Member of the Iowa House of Representatives
- In office January 8, 1866 – January 12, 1868
- Preceded by: William I. Gilchrist
- Succeeded by: Presley G. Bailey
- In office December 6, 1852 – December 3, 1854
- Preceded by: Eliphalet Price
- Succeeded by: Stephen Prentice Yeomans
- Constituency: 32nd district (1852-1854) 46th district (1866-1868)

Personal details
- Born: January 4, 1818 Augusta County, Virginia, U.S.
- Died: August 18, 1886 (aged 68)
- Party: Republican
- Other political affiliations: Whig (until 1854)
- Relatives: Martin Garber (brother) Milton C. Garber (nephew)

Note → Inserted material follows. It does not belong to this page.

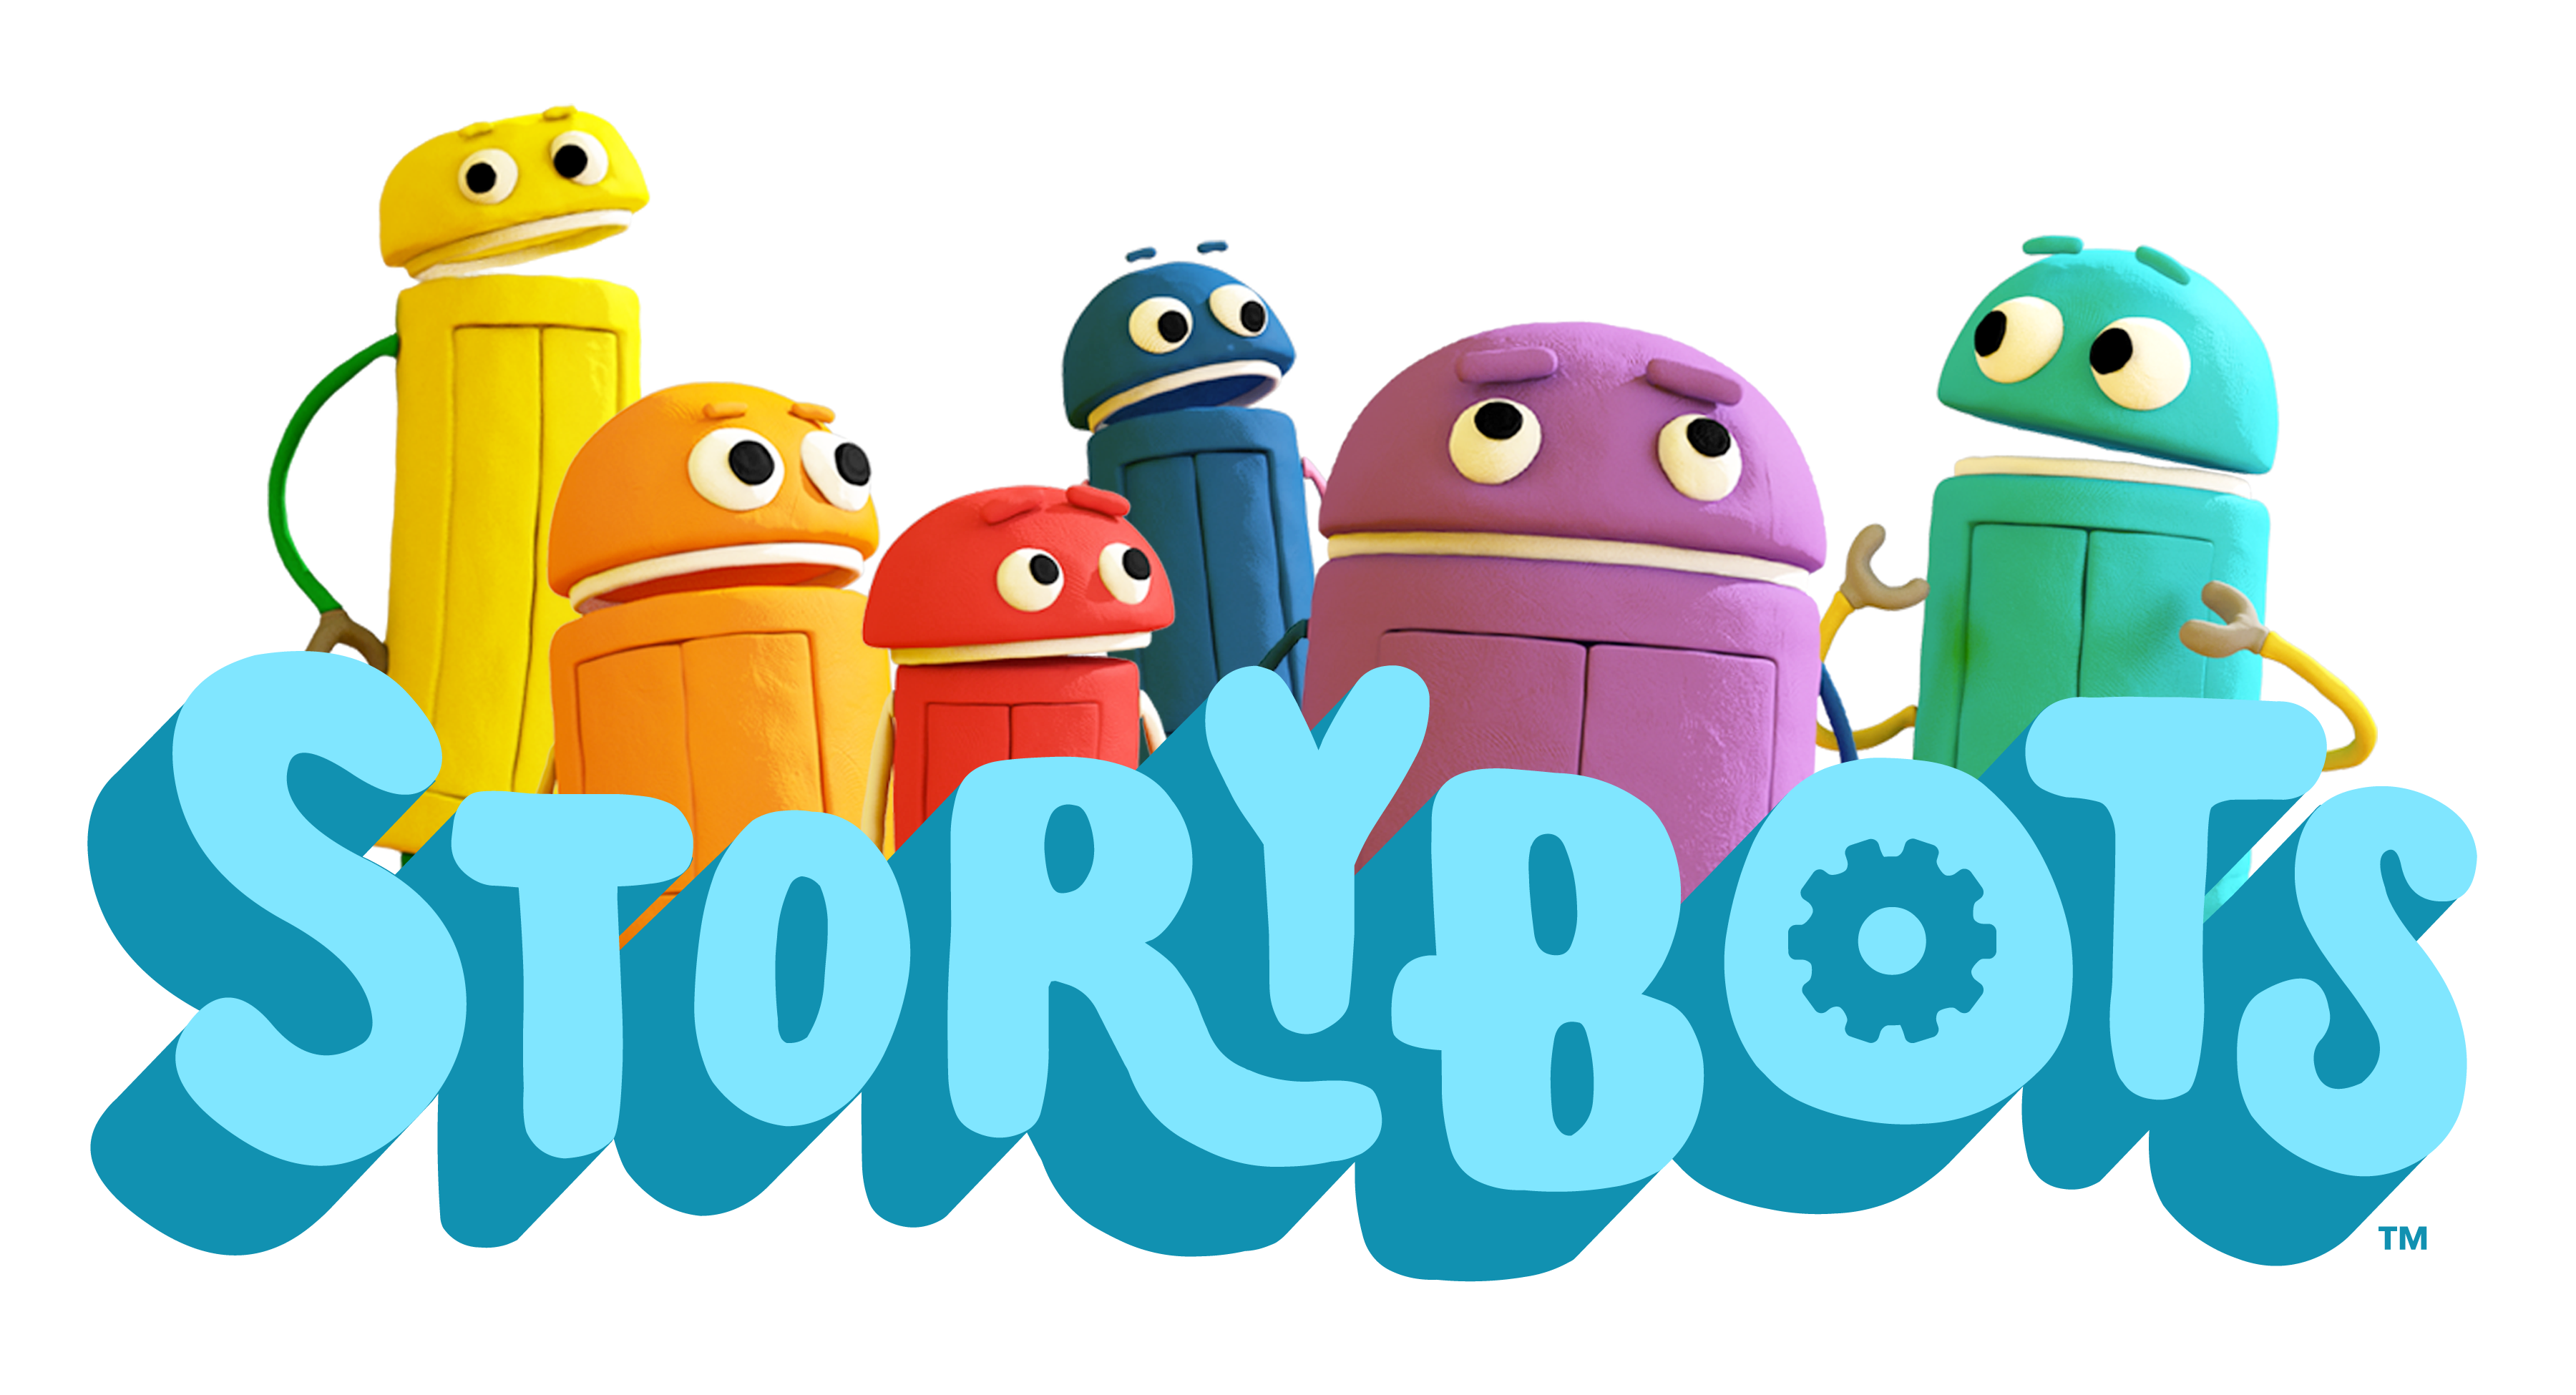 StoryBots® Turns One Year Old; Collection of Apps for Kids & Family, from Creators of JibJab, Celebrates Year of Growth 18 Million Learning Videos Viewed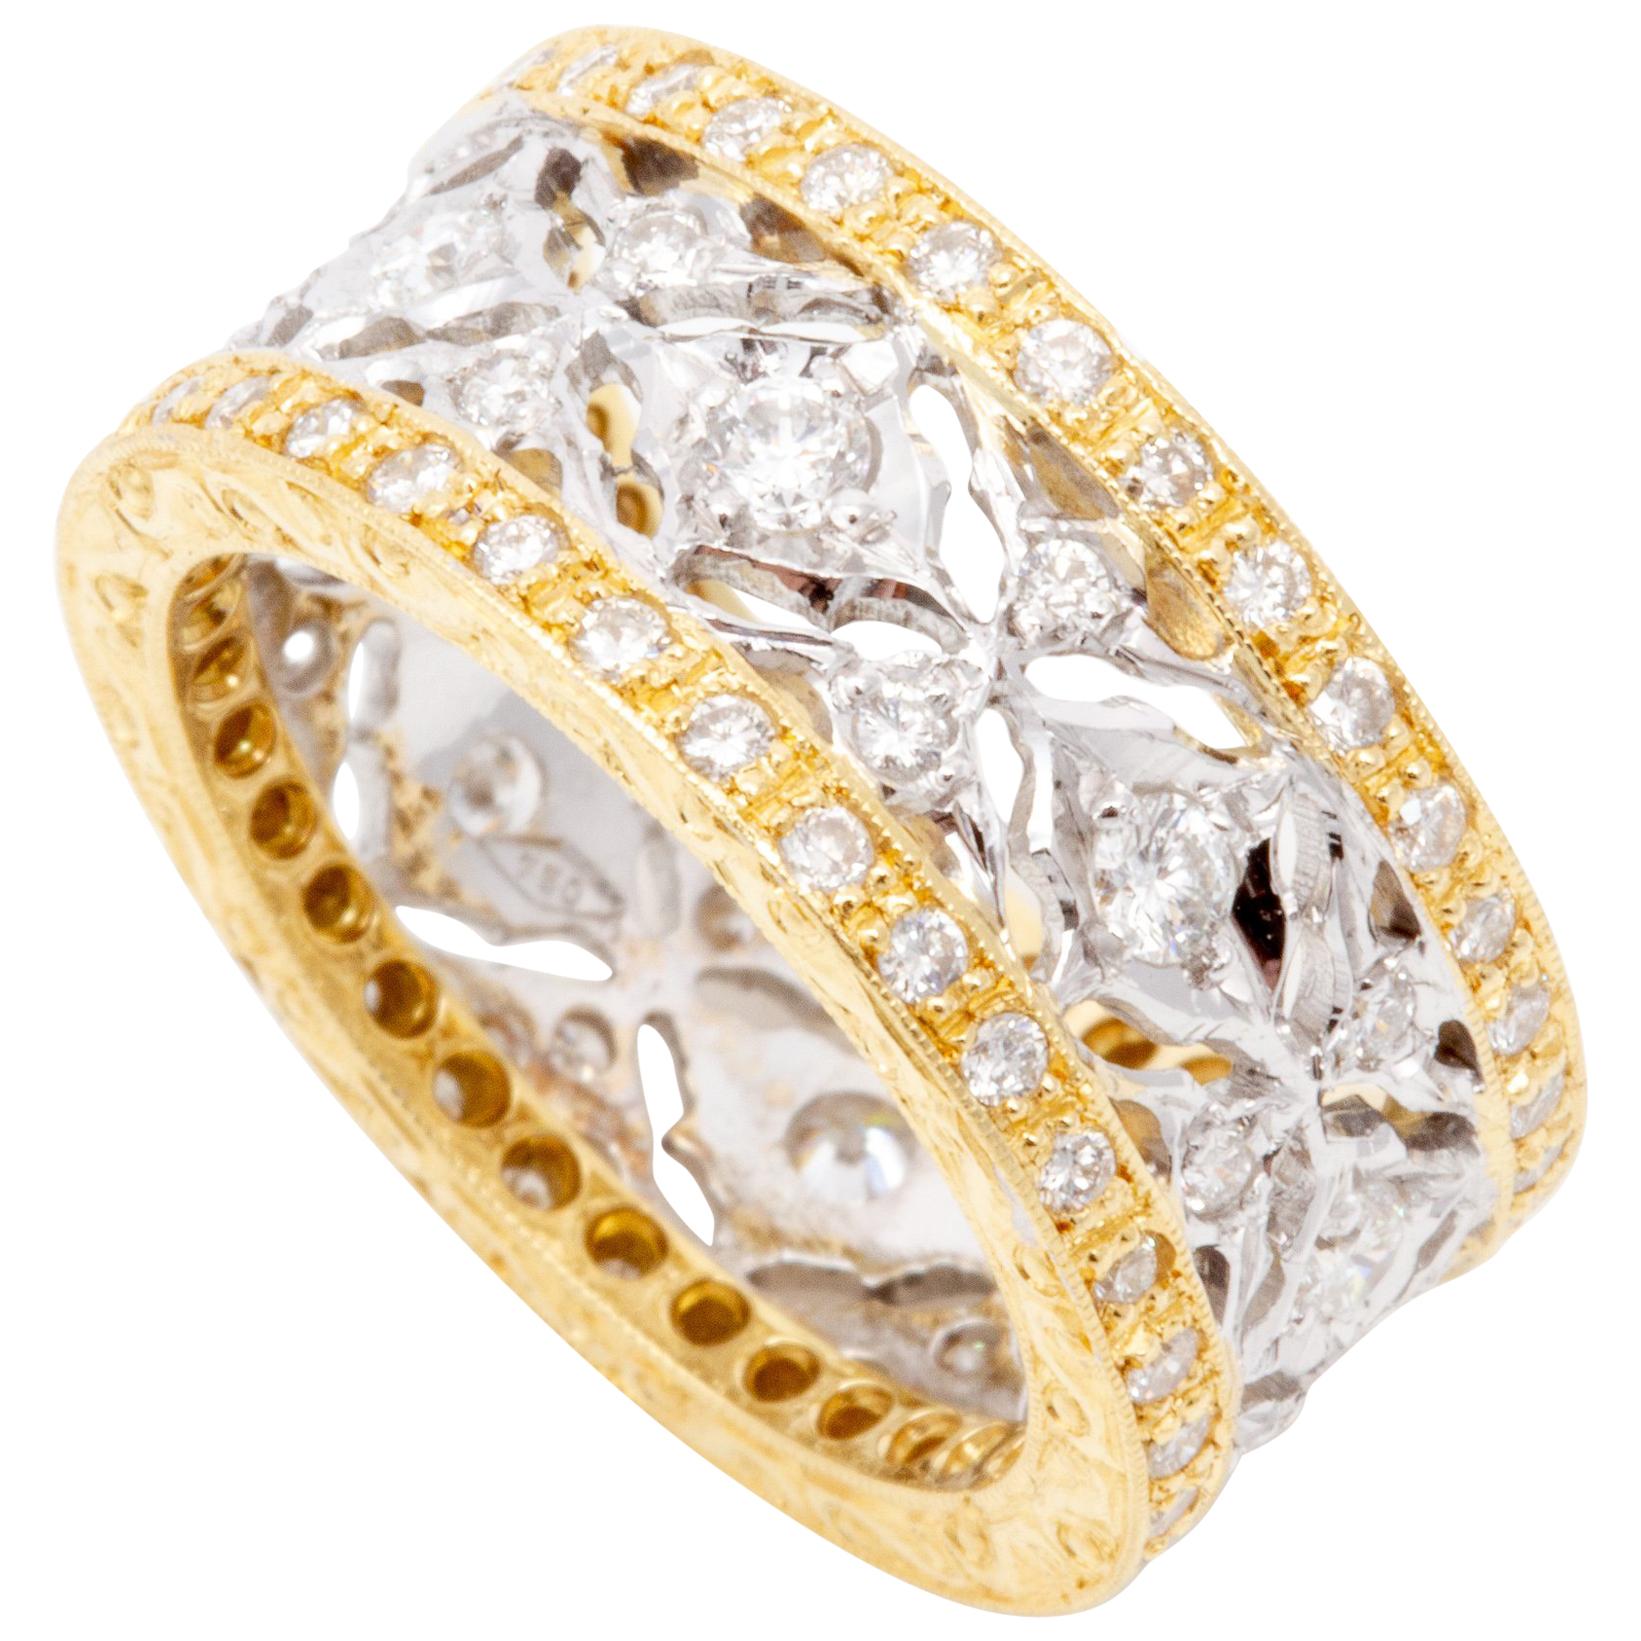 Hand-Engraved Two-Tone 18 Karat Gold and Diamond Ring

= John Garber (politician) =

American politician in Iowa (1818–1886)

John Garber (January 4, 1818 – August 18, 1886) was an American politician.

==Personal life==
John Garber was the eldest son of parents Martin Garber and Magdalene Mohler, born in Augusta County, Virginia, on January 4, 1818. In 1831, the Garber family moved to Bellefontaine, Ohio. John Garber married fellow Virginia native Mary C. Rife in 1840, and the couple relocated near Colesburg, Iowa, in 1846. Two years later, they moved to Elkport, where they raised six children. Garber died in Elkport on August 18, 1886.

==Political career==
Garber won his first term on the Iowa House of Representatives as a Whig, and held the District 32 seat from 1852 to 1854. Garber was elected to a Clayton County judgeship in 1860, then elected as county sheriff in 1862. Garber returned to the state house from 1866 to 1868 as a Republican for District 46.